Phase 8 — Resource Loading + Character Encoding + Real Page Loading#
Implement legacy single-byte text encodings in the encoding crate per the WHATWG Encoding Standard.
Requirements#
- Windows-1252 (aka cp1252): the most common legacy Western encoding
- ISO-8859-1 (Latin-1): maps directly to first 256 Unicode codepoints
- ISO-8859-2 through ISO-8859-16: Central/Eastern European, Cyrillic, Greek, Arabic, Hebrew, etc.
- Windows-874, Windows-1250 through Windows-1258: Windows codepages
- macintosh (Mac OS Roman)
- IBM866, KOI8-R, KOI8-U: Cyrillic encodings
Each single-byte encoding is a 128-entry lookup table mapping bytes 0x80–0xFF to Unicode codepoints (bytes 0x00–0x7F are ASCII).
Implementation#
- Define each encoding as a
[u16; 128]or[char; 128]lookup table (indexed bybyte - 0x80) - Decoder: for bytes < 0x80, use ASCII; for bytes >= 0x80, look up in table
- Unmapped bytes produce U+FFFD (replacement character)

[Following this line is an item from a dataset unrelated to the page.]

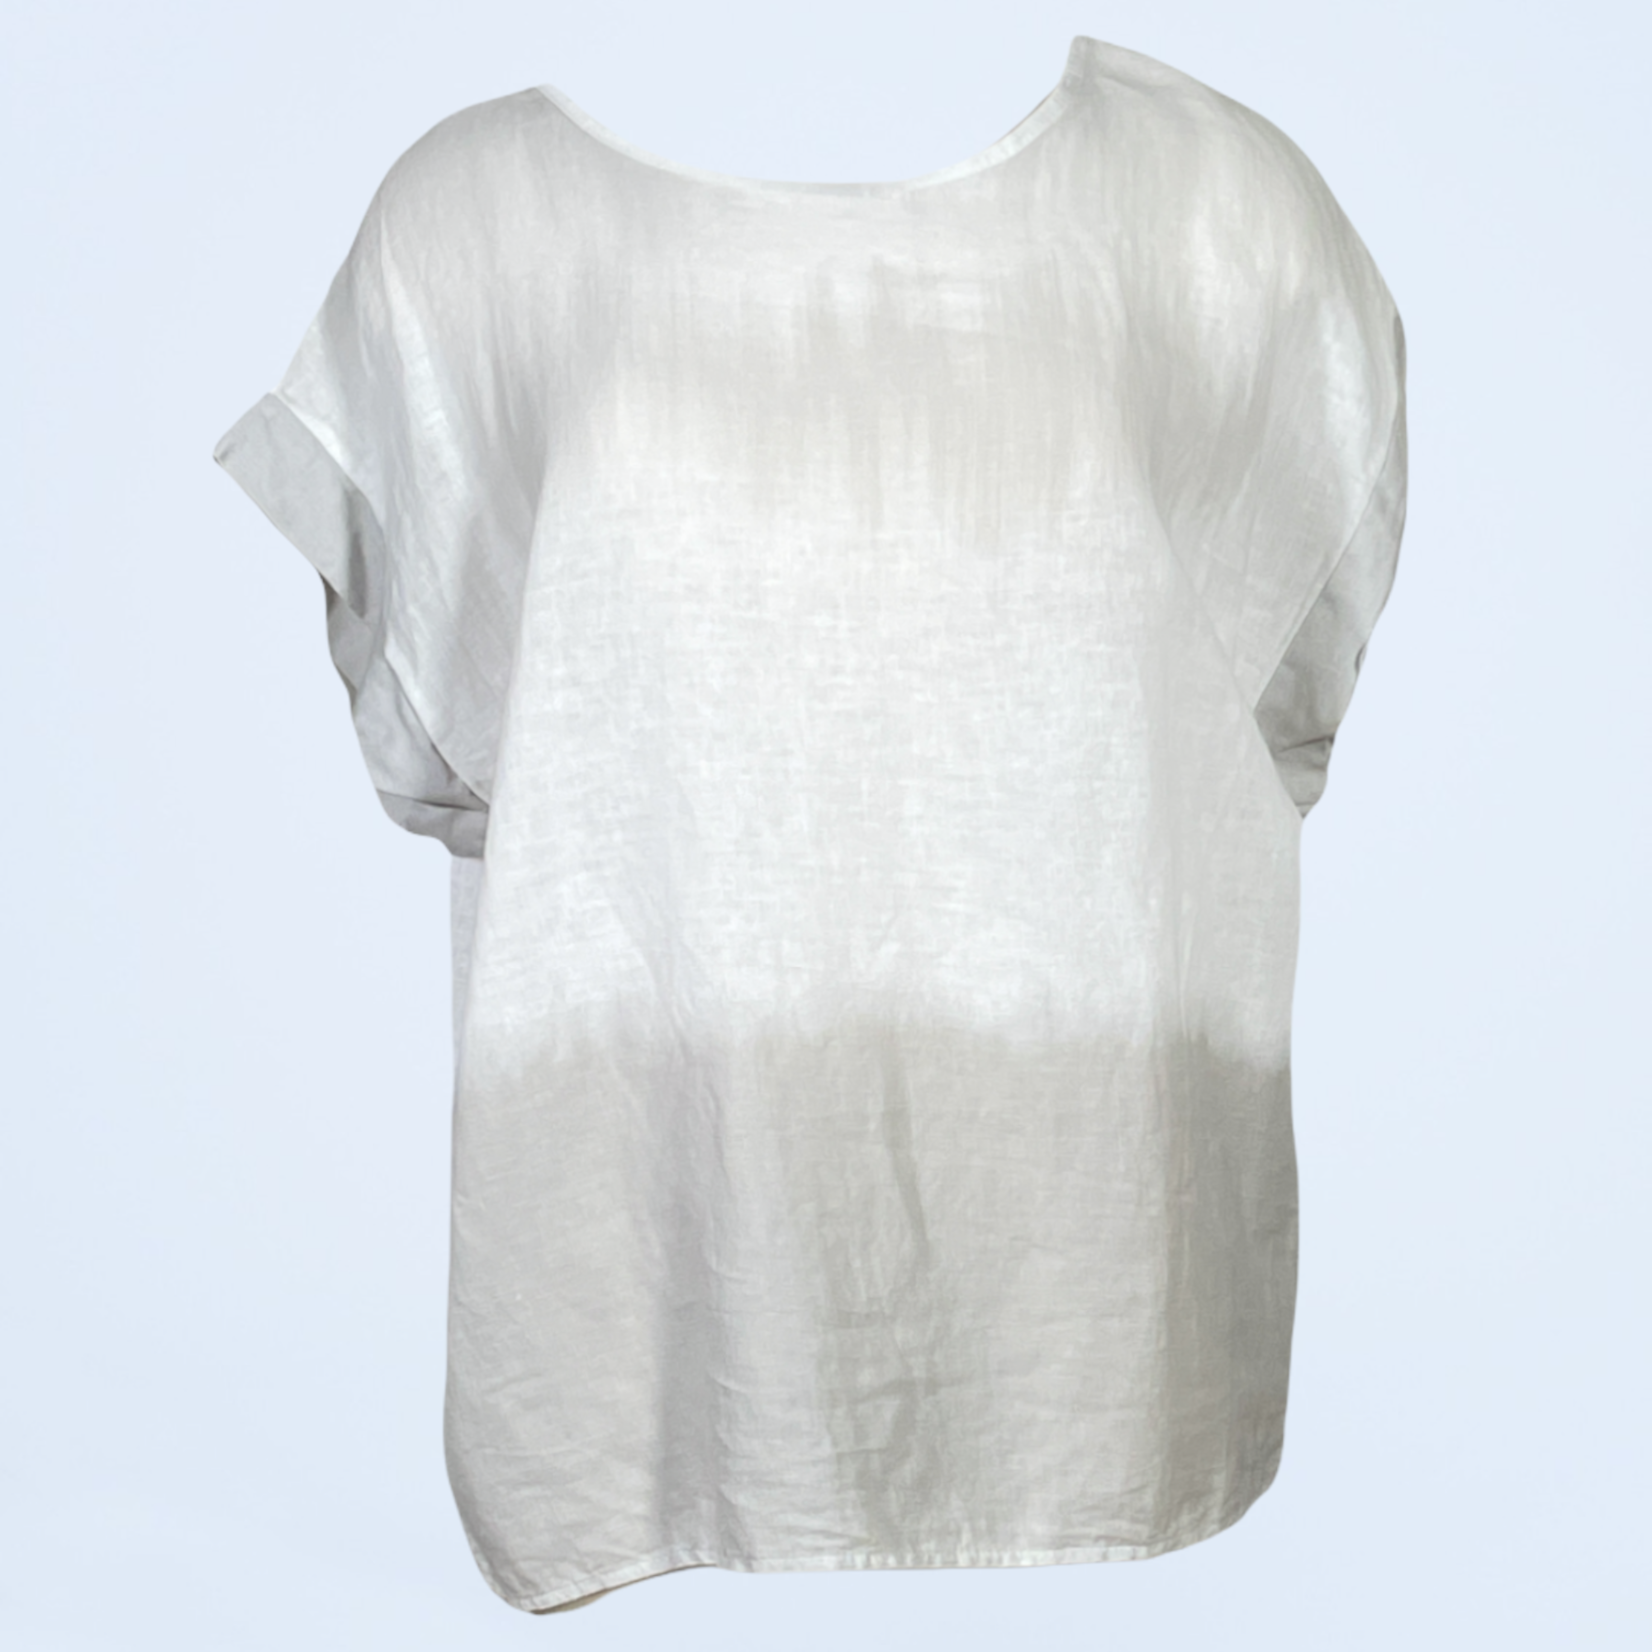 Short Sleeve Ombre Top

- Register all WHATWG encoding labels as aliases
Acceptance Criteria#
- Windows-1252 and ISO-8859-1 decoders work correctly
- At least 5 additional single-byte encodings implemented
- All WHATWG-specified label aliases map correctly
- No external dependencies, no
unsafe - Unit tests with known byte sequences and expected Unicode output
Dependencies#
Depends on: WHATWG Encoding: UTF-8 and UTF-16 codecs (for the shared Encoding trait/API)